▶ **INSTRUCTIONS FOR THE TASK**: A verbatim repeat of the lines below is required, with the pictures removed.

─── SOURCE MATERIAL

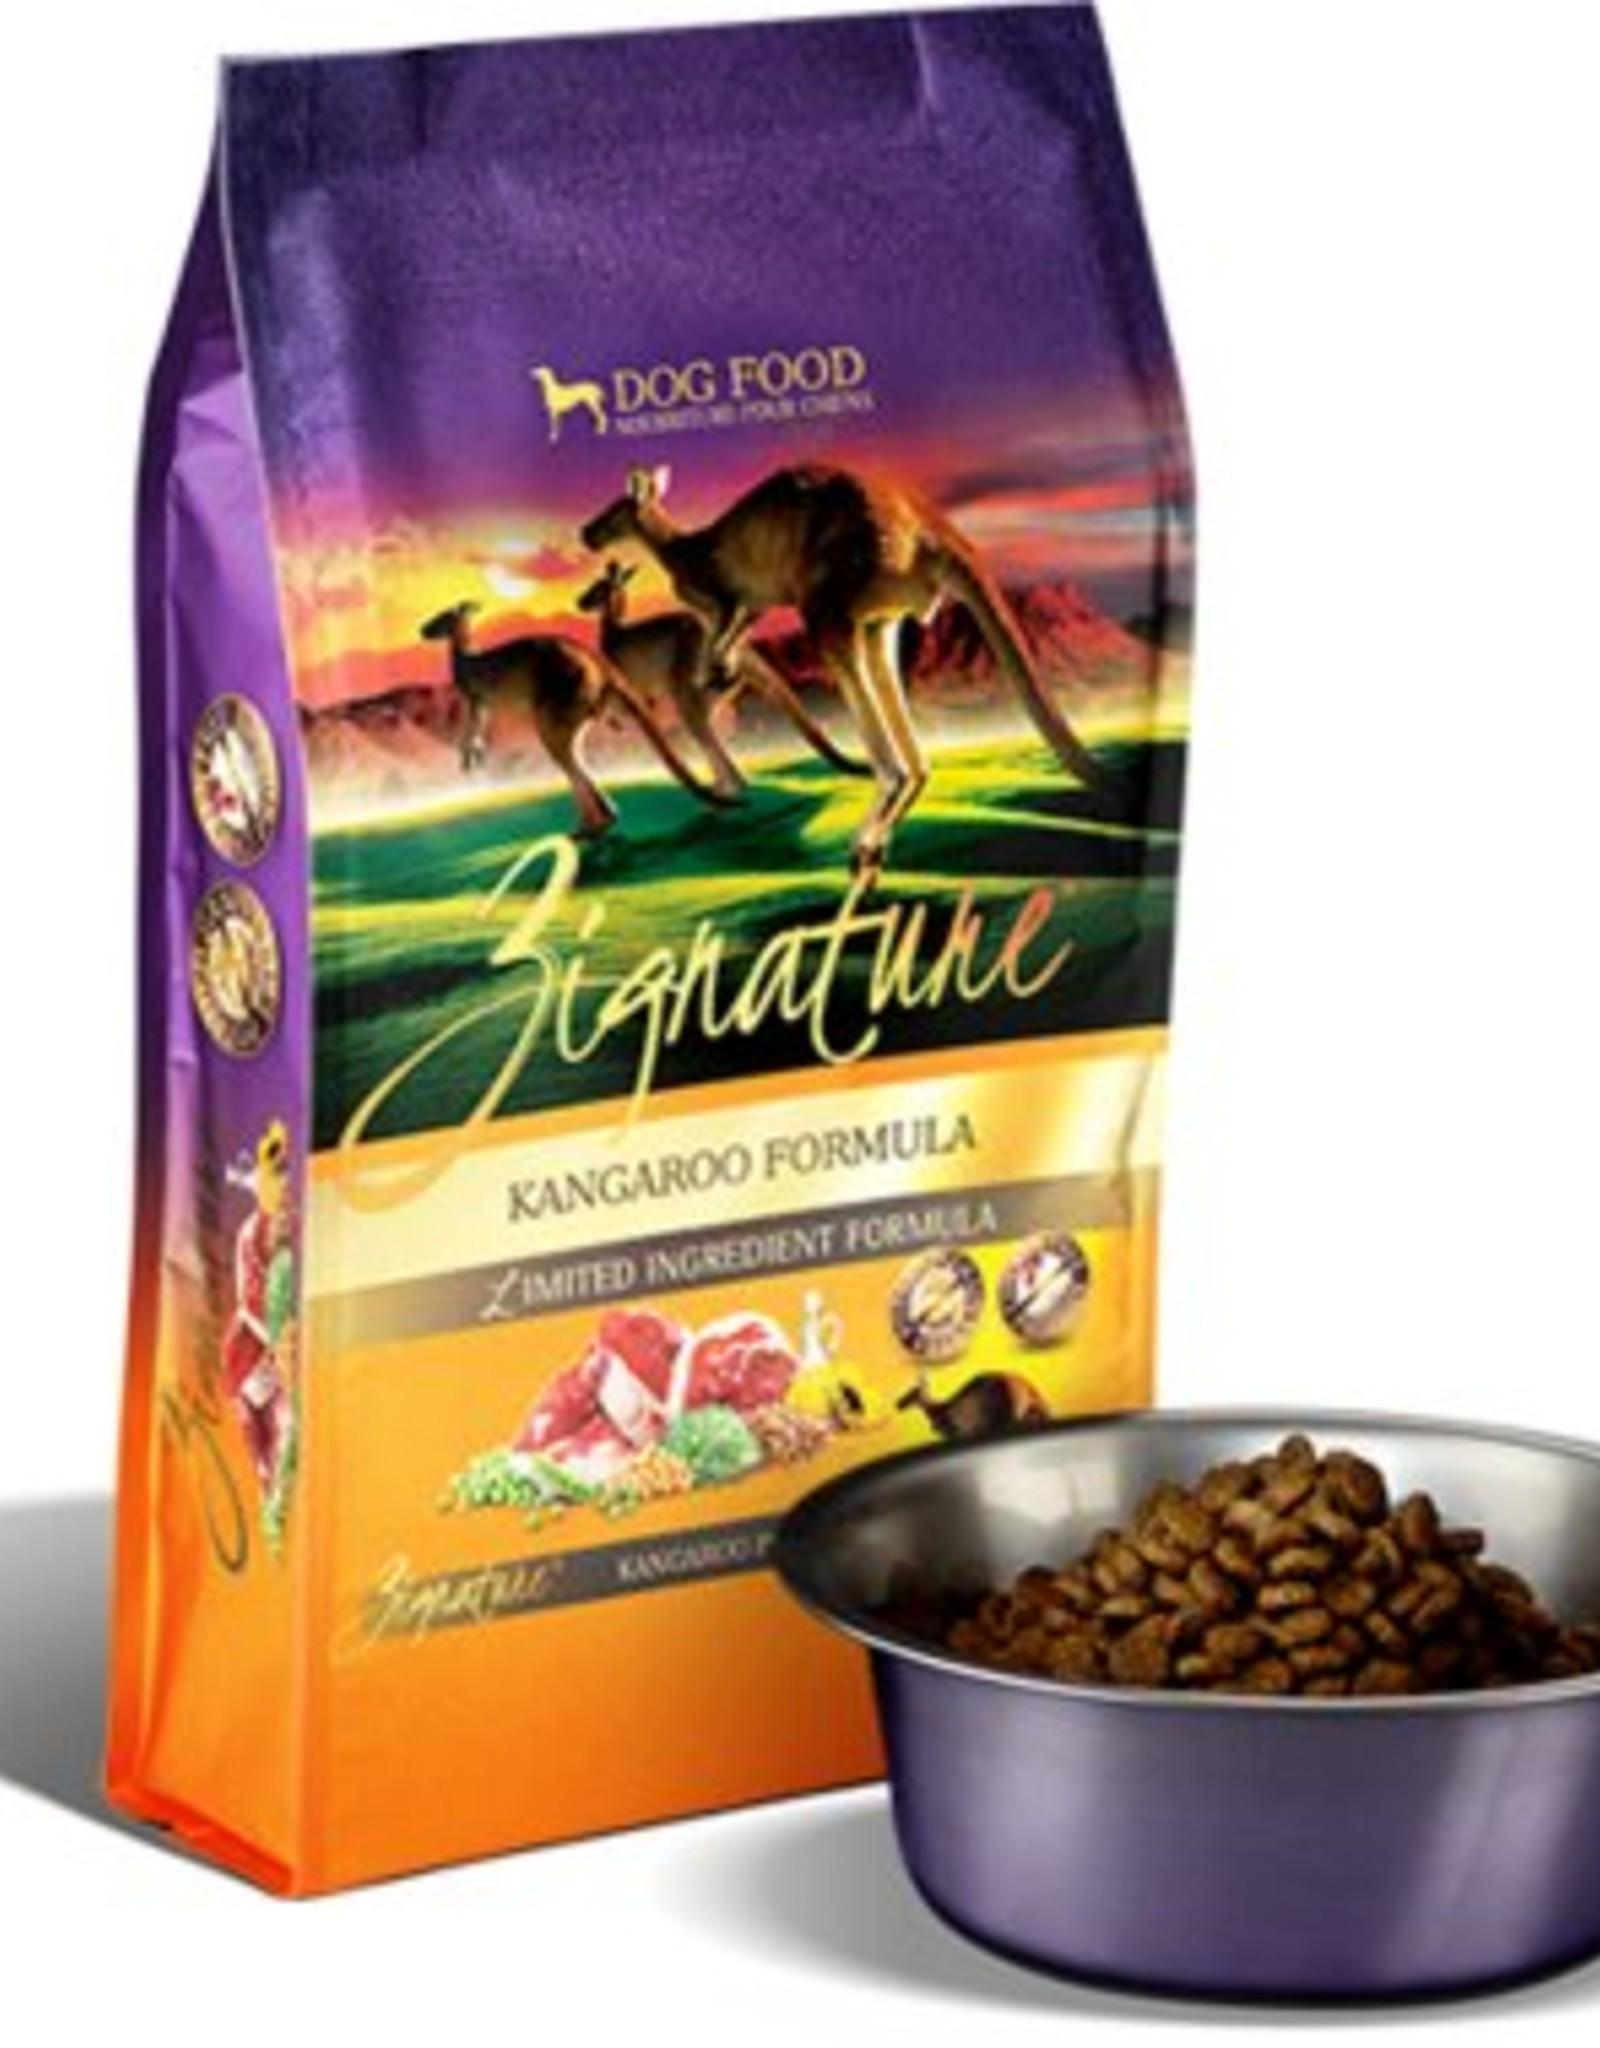 Zignature Kangaroo Limited Ingredient Formula Grain-Free Dry Dog Food
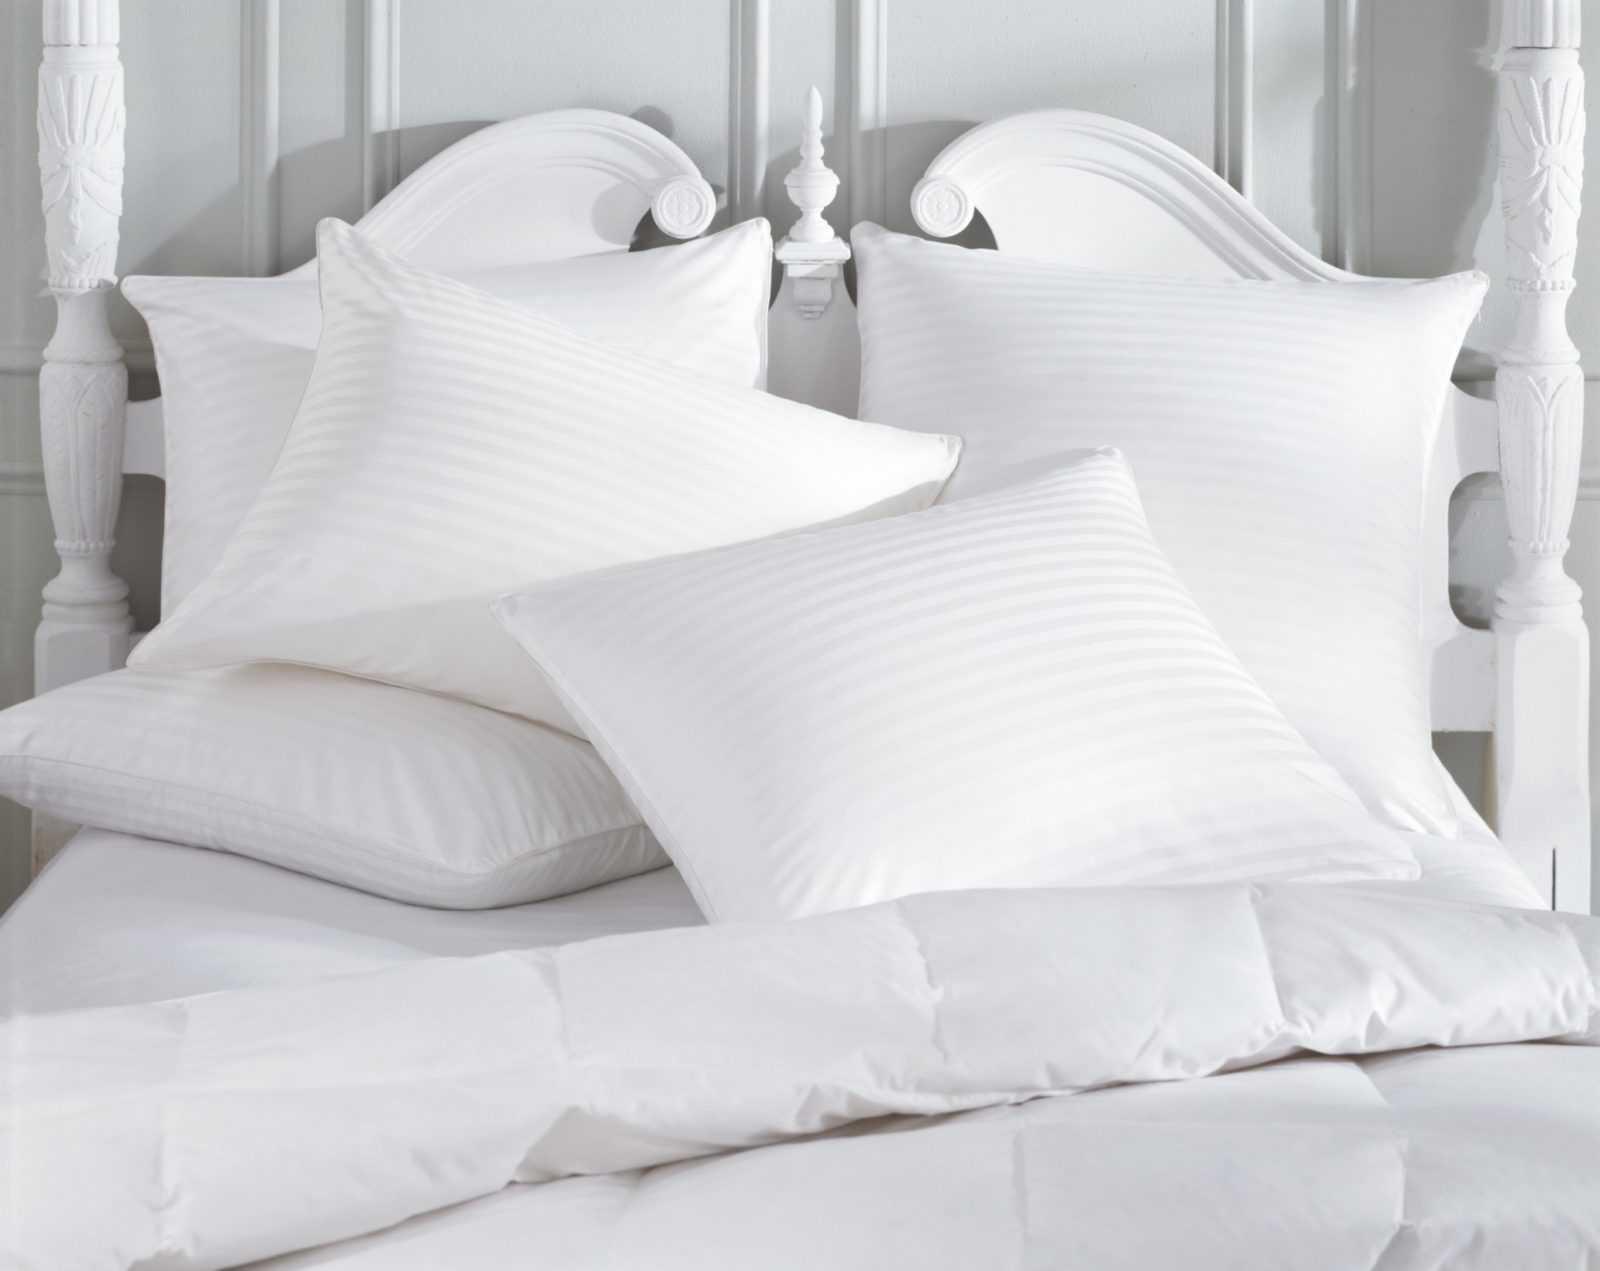 cama con almohada
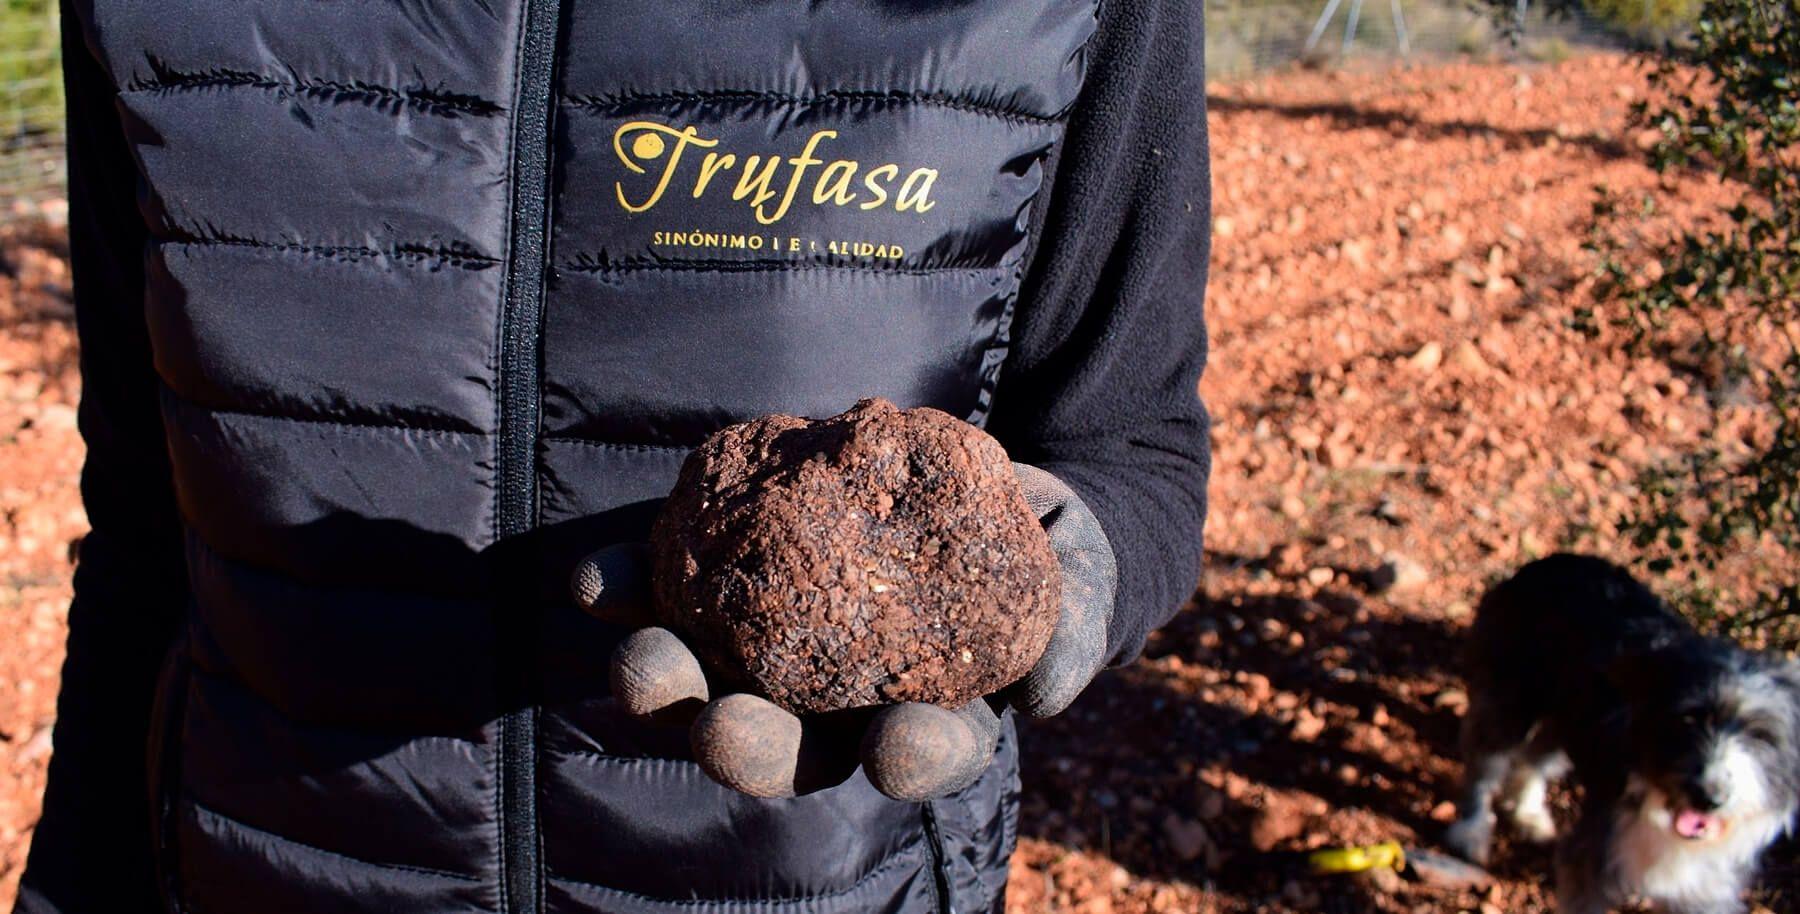 La trufa negra de cultivo sostenible de Trufasa, la gran protagonista de la temporada de la trufa
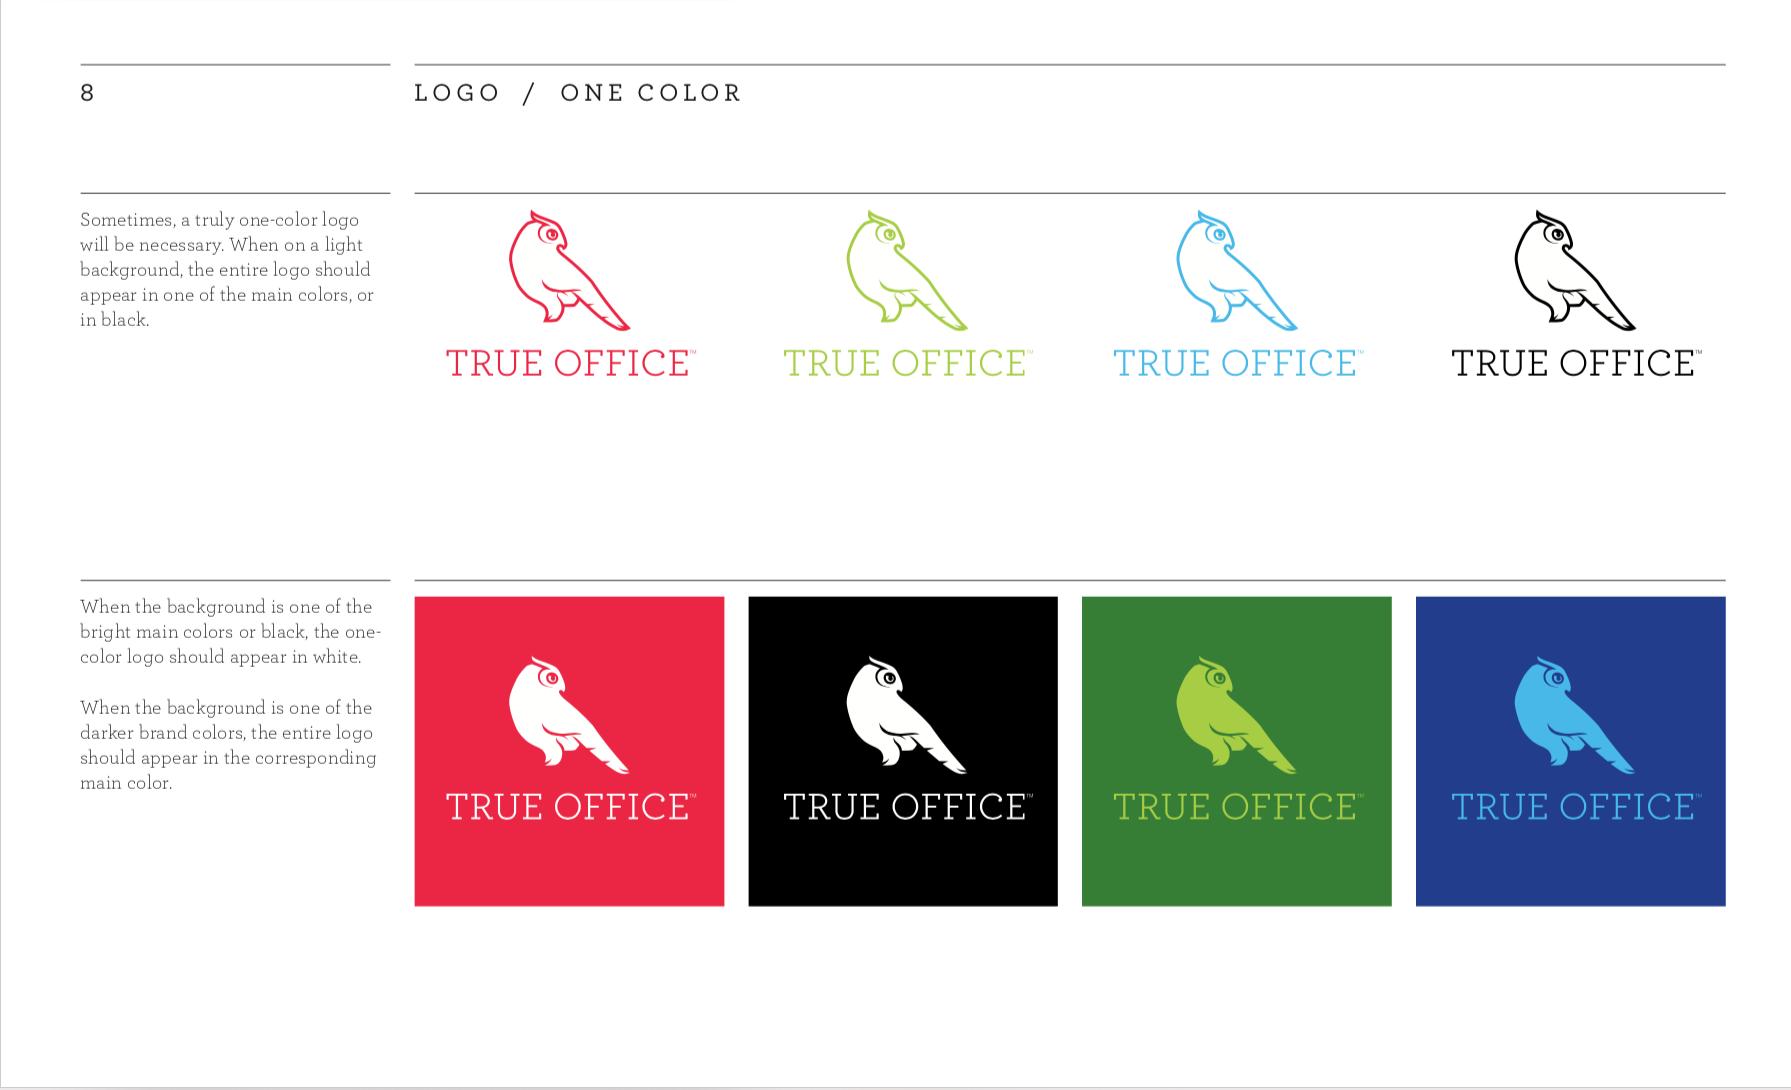 True Office single-color logo

──────

▶ **SOLVED PROBLEM**:
 Zignature Kangaroo Limited Ingredient Formula Grain-Free Dry Dog Food
 cama con almohada
 La trufa negra de cultivo sostenible de Trufasa, la gran protagonista de la temporada de la trufa
 True Office single-color logo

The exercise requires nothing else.